В избе было тепло, пахло наваристыми щами. Потрескивали в печке поленья. Сколько раз он думал об этом дне, возвращаясь домой. Все представлялось именно таким, как есть. Ленивый кот, растянувшийся на кровати, сытый запах кислой капусты и жирной свинины. Дома все так, как должно быть, ничего не изменилось.
В сенях послышались быстрые легкие шаги, распахнулась дверь, и в избу вбежал Артемка.
— Мама! — он сорвал с головы шапку, бросил ее на кровать и тут увидел отца.
— Здоровайте! — не узнавая, сказал он смущенно.
Захар сына узнал сразу.

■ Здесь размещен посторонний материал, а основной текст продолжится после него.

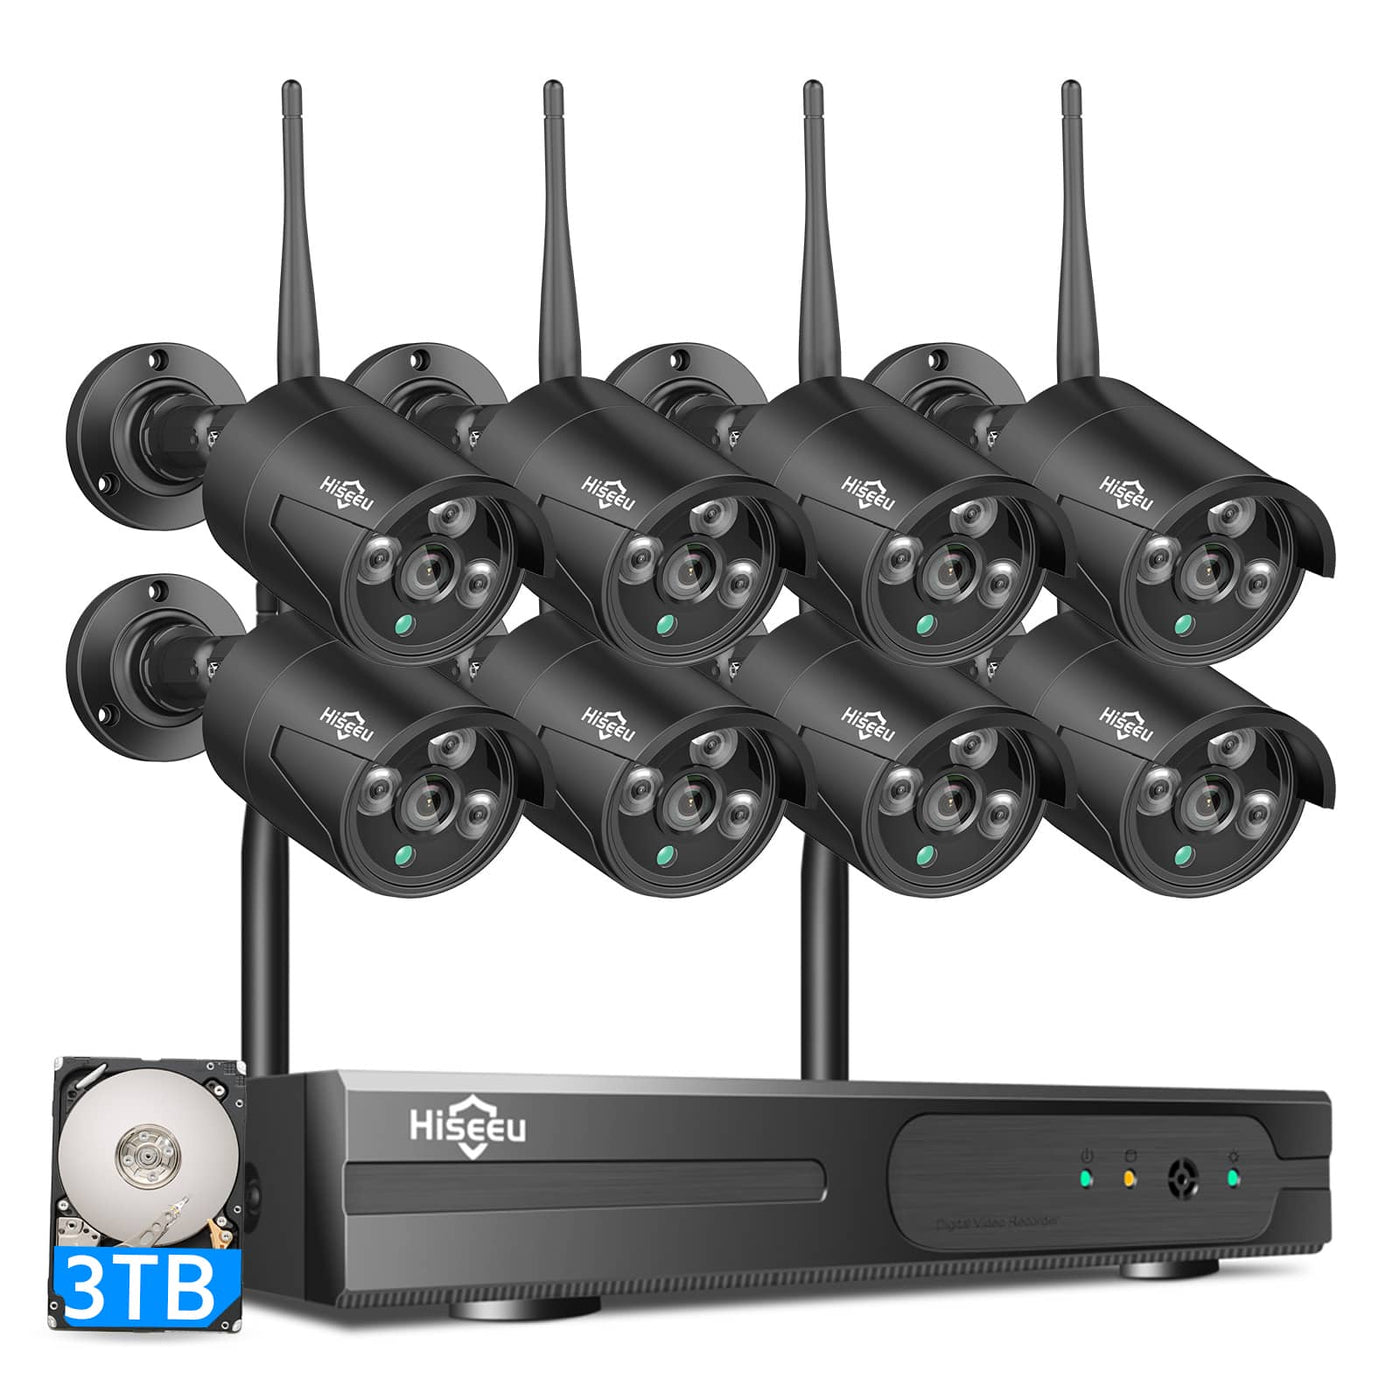 Hiseeu [Expandable 10CH,5MP]Wireless Security Camera System with 3TB Hard Drive with One-Way Audio,10 Channel NVR 8Pcs 5MP Night Vision WiFi Security Surveillance Cameras DC Power Home Outdoor

Черные большие глаза, белокурый чуб, широкие плечи…
— Здоровенько, сынок! Что ж ты стал, али не рад приезду батьки? — Захар шагнул навстречу и троекратно, по русскому обычаю, поцеловал сына.

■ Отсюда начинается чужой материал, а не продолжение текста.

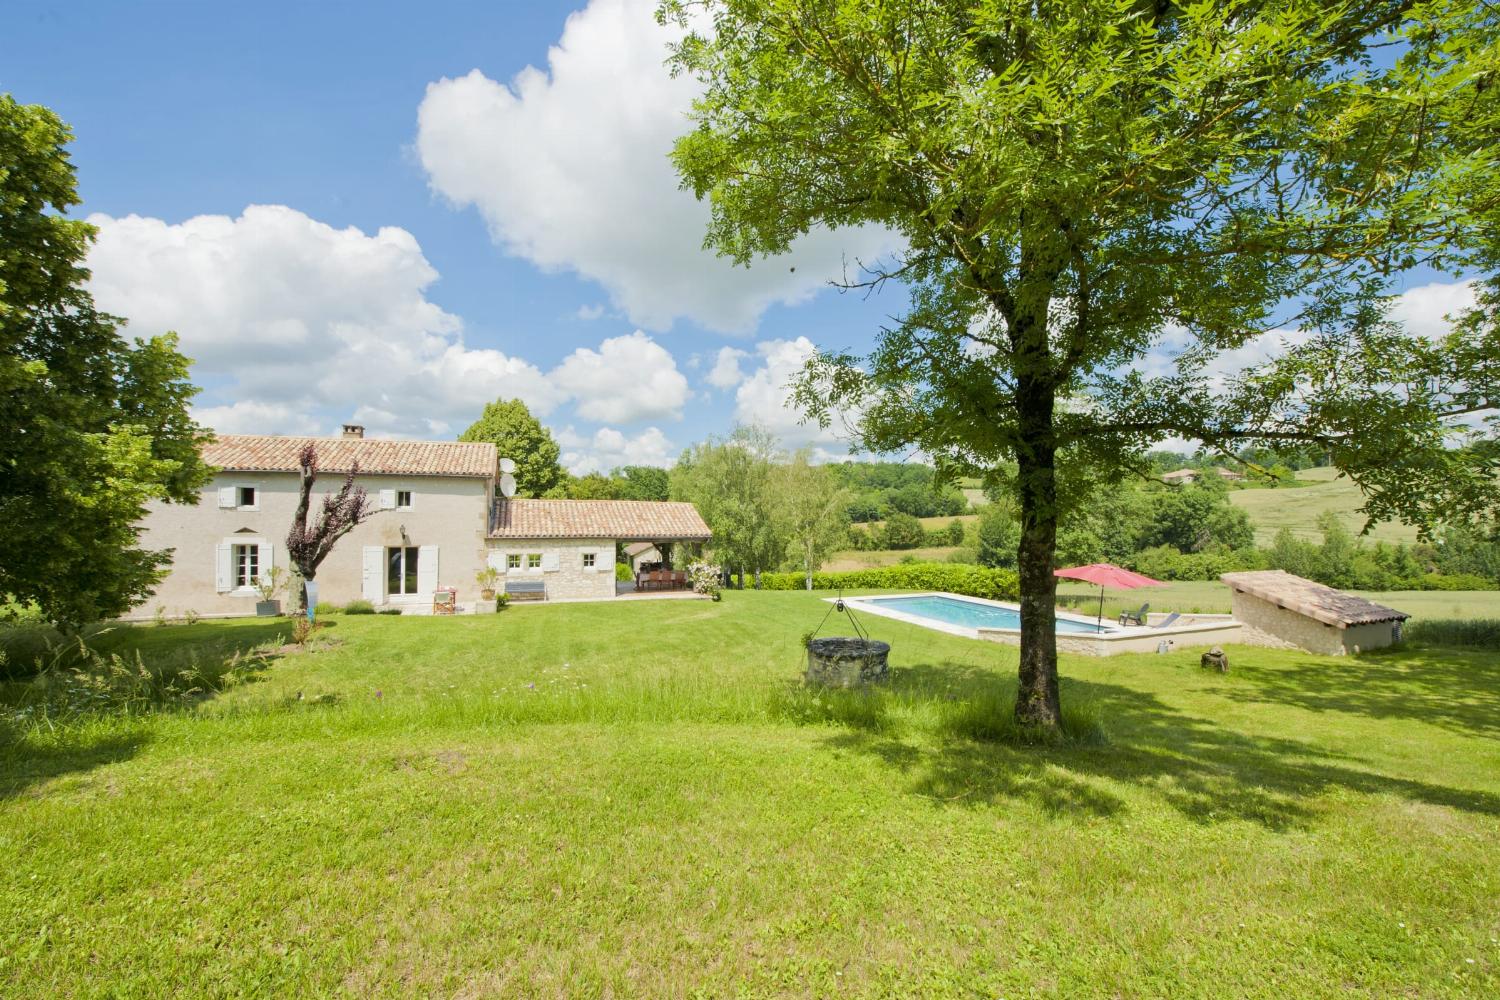 Rental accommodation in Nouvelle-Aquitaine

— Ну и вымахал ты, паря! — засмеялся, хлопнул по плечу. — За девками бегаешь небось?
— Бегает, — весело ответила за сына Варвара.
Сели за стол. И тут только Варвара увидела, что левая рука мужа не в порядке.
— Батюшки, да ты никак раненый? — испуганно вскрикнула она.
— Не совсем здоровый, — вздохнул Захар. — Пальцы почти не шевелятся. Но доктора говорят — пройдет… Мячик мне дали, мни его, говорят, хорошенько. Теперь уж стало лучше.
— Вот горюшко-то! Что они с тобой наделали, проклятые ерманцы, — запричитала Варвара.
— Что рука! Ладно хоть голову принес без дырки. На руке все заживет. Доктора сказали — главные жилы целы…
Варвара принесла покрытую пылью бутылку самогона. Пробка была залита воском. Это, пояснила она, осталось от проводов Захара в солдаты.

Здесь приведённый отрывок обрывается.